Hepsinin söylediğinin ortak bir noktası var. Artık insanlar daha duyarlı ve daha hassas olacak. Her şey de buna göre şekillenecek. Yani doğaya karşı daha hassas, ailemize karşı daha hassas, işimize, kedi köpeğimize, aklınıza ne gelirse daha hassas olacağız. Hassas derken sakin ve durgun, olumlu ve ılımlı yaklaşabileceğimiz gibi tersi bir durum da söz konusu elbette.
TEMKİNLİ OLACAĞIZ
İstanbul merkezli araştırma ve stratejik danışmanlık kuruluşu ThinkAloud Research'ün bir analizi var. Üç büyük şehrimiz İstanbul, Ankara ve İzmir'de 18-61 yaş aralığında bin 132 kişi ile yapılan görüşme sonucu ortaya çıkan bir analiz.

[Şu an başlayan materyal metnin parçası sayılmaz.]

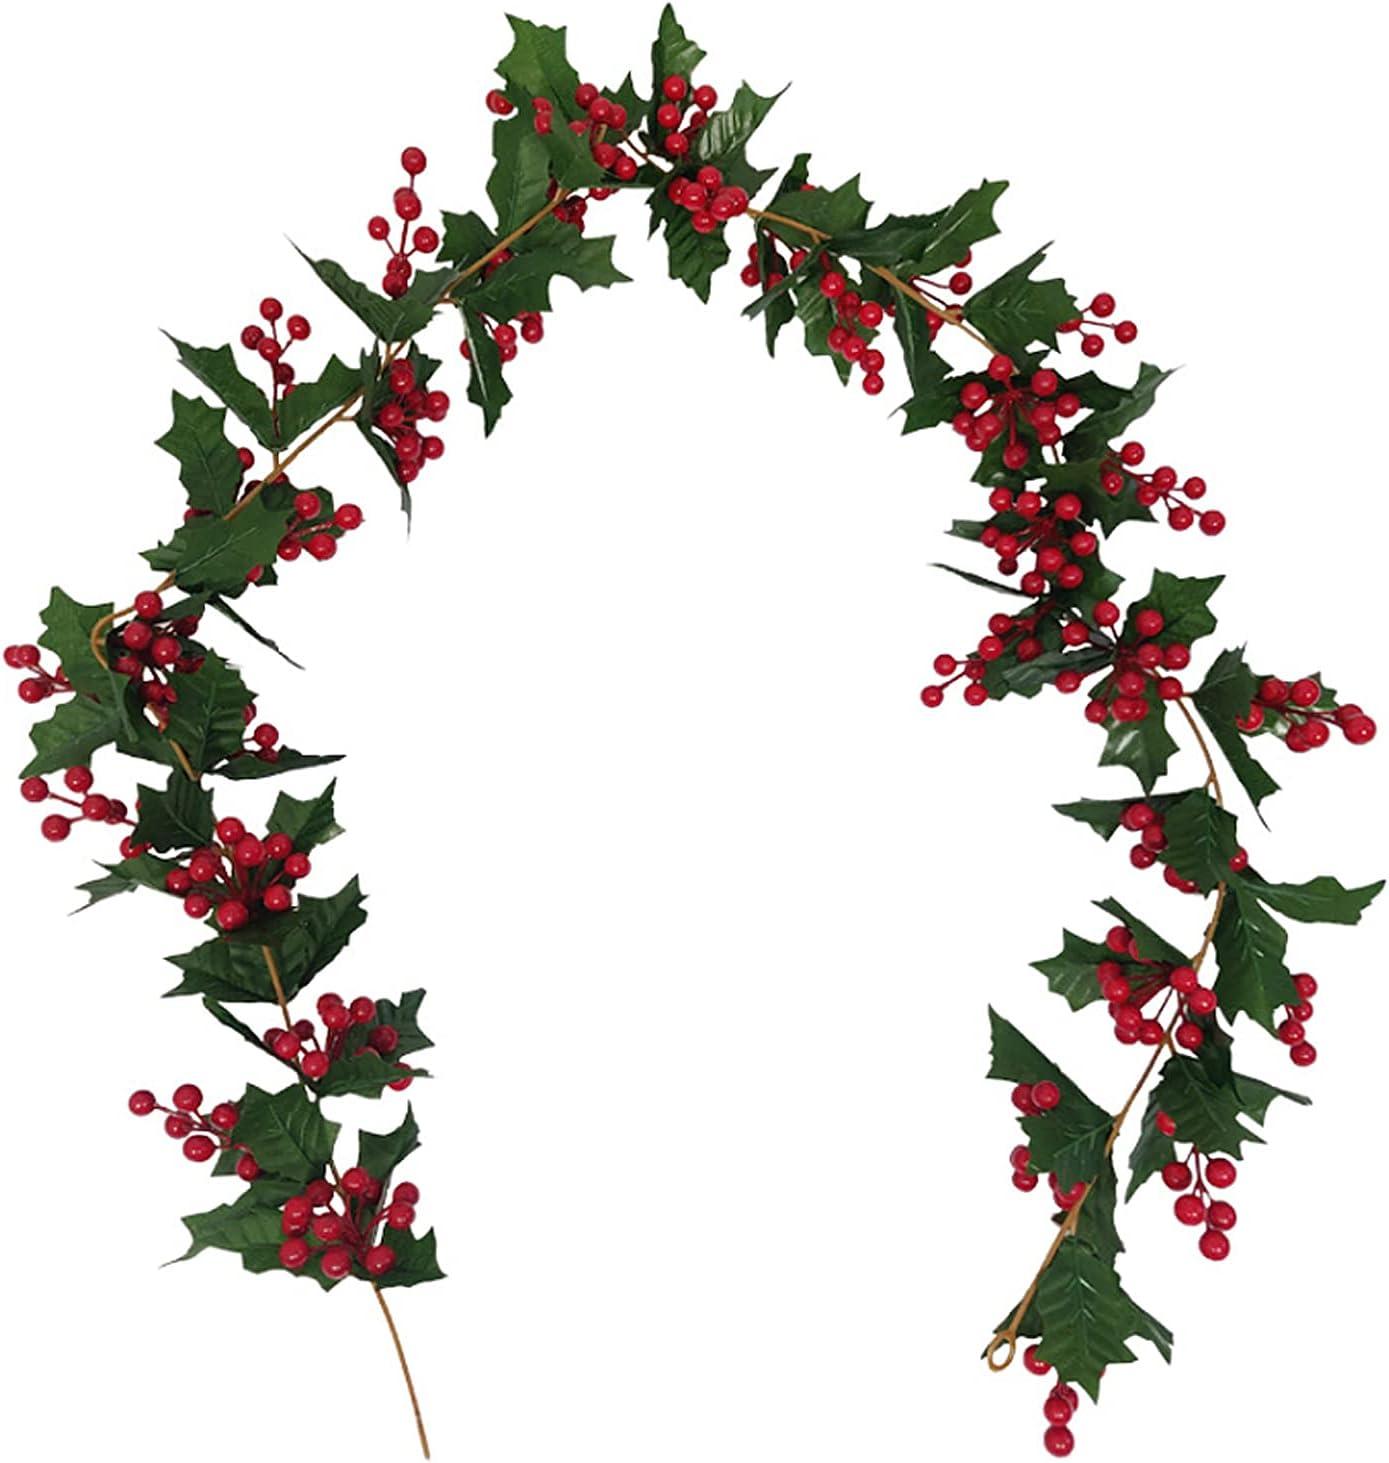 INIFLM Spasm price 5.5 Feet Christmas Red Berries with Leaves Green Ch Vine Brand Cheap Sale Venue

Araştırma konusu şu. Covid 19 sonrası sosyal yaşam nasıl olacak? Salgın geçtikten sonraki üç ay içinde araştırmaya katılanlar hangi konularda daha temkinli olacaklarını şöyle açıklamış. Kalabalık ortamda bulunmak, hastaneye gitmek, yurt dışı seyahati, toplu taşıma, kafe ve restorana gitmek. Yani salgından sonra bir çoğumuz bunları yaparken iki belki de üç kez düşüneceğiz.
HAYAT SADELEŞECEK
Araştırmaya katılanların yüzde 70'i virüs tehdidinin 3 ay içinde ortadan kalkacağına ve sonrasındaki 6 ayda da hayatın "yeni" bir rutin içinde süreceğine inanıyor.
Fütüristlerin "Yeni Normal" dediği durum yani. Daha iyi bir anlatımla hiç bir şey eskisi gibi olmayacak. Sosyal yaşam daha kontrollü olacak. Araştırmaya göre hayat daha sadeleşecek, farkındalık artacak, sevdiklerimize, sağlığımıza daha önem vereceğiz. Çekirdek aile konforu odak noktamız olacak. Doğa ile daha barışık olacağız. Onu artık daha fazla kızdırmayacağız, kızdırana izin vermeyeceğiz.
Ben fütürist değilim. Ama şunu da biliyoru. Kaçacak, kaçabilecek bir yerimiz yok. Evde kalma şansını kullanın, aksi halde ne olacağını biliyorsunuz.